What you will do
Set the listing down again exactly, please, apart from its pictures.

Dataset extract
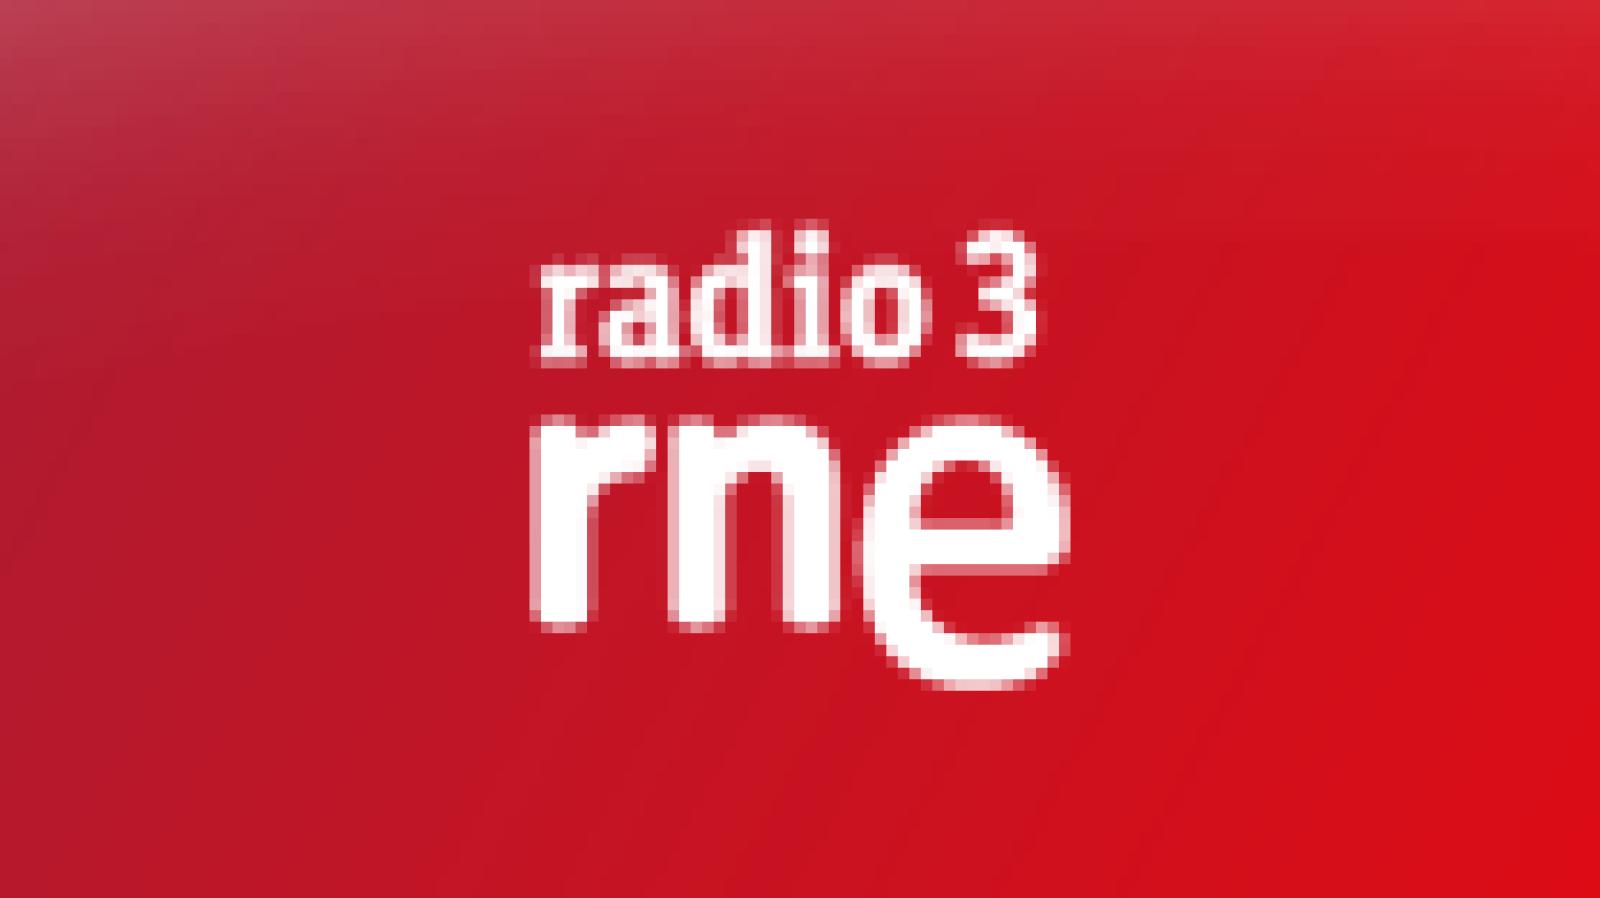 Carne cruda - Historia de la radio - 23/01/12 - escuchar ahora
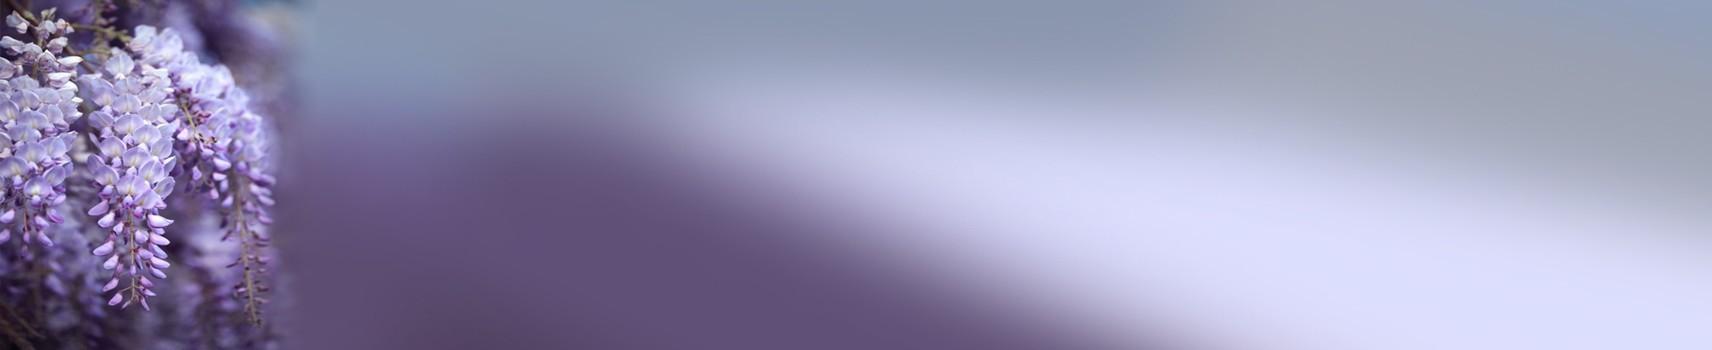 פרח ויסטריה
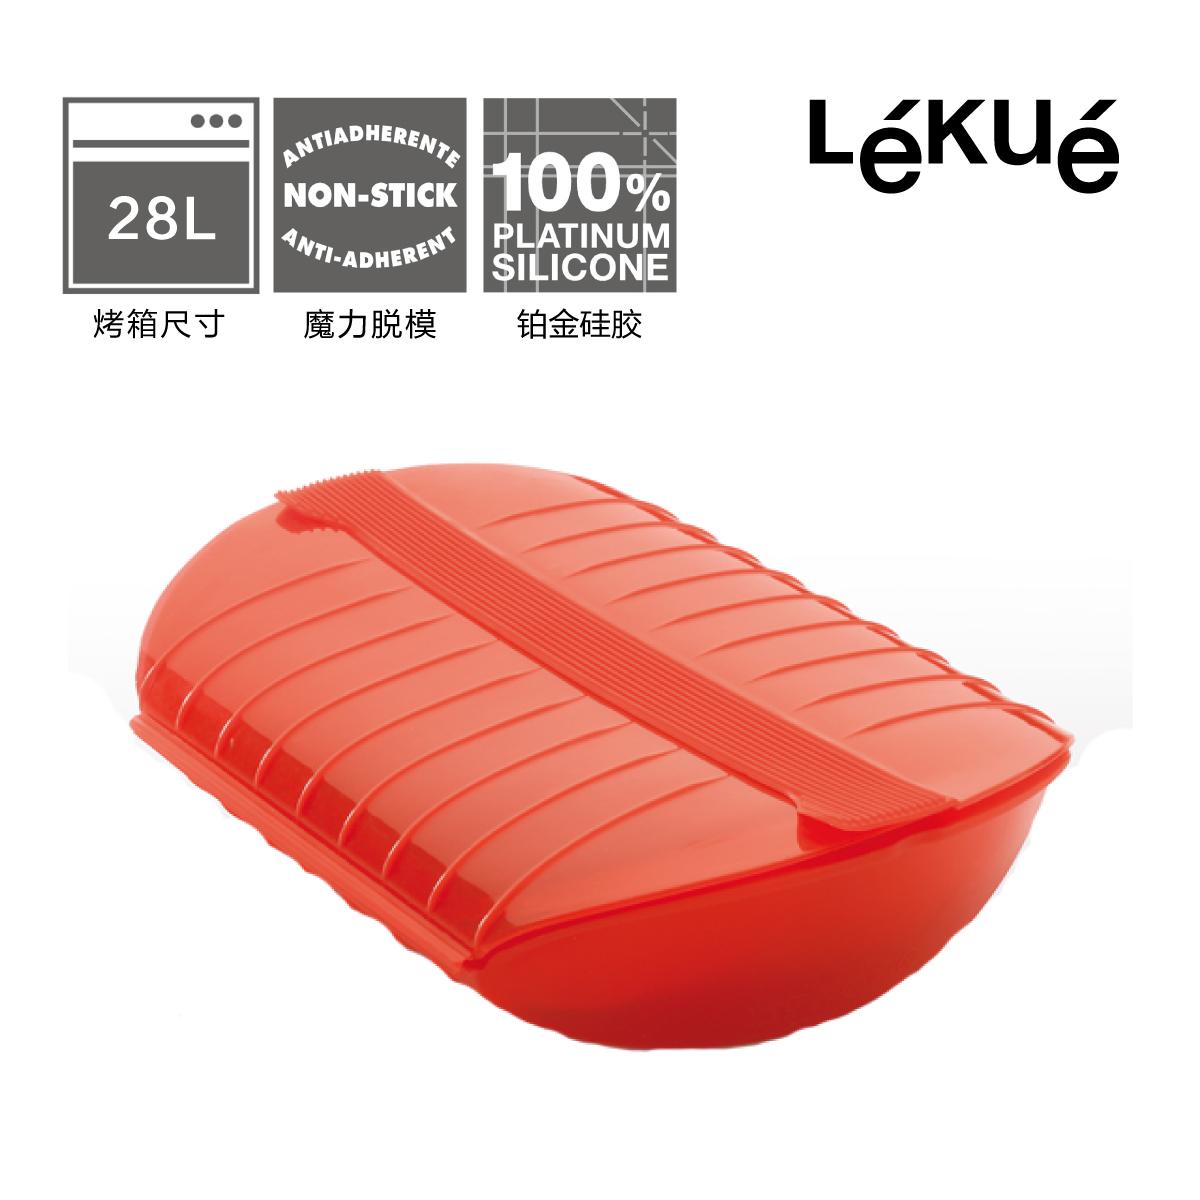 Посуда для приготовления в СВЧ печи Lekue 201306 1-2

Your solution
 Carne cruda - Historia de la radio - 23/01/12 - escuchar ahora
 פרח ויסטריה
 Посуда для приготовления в СВЧ печи Lekue 201306 1-2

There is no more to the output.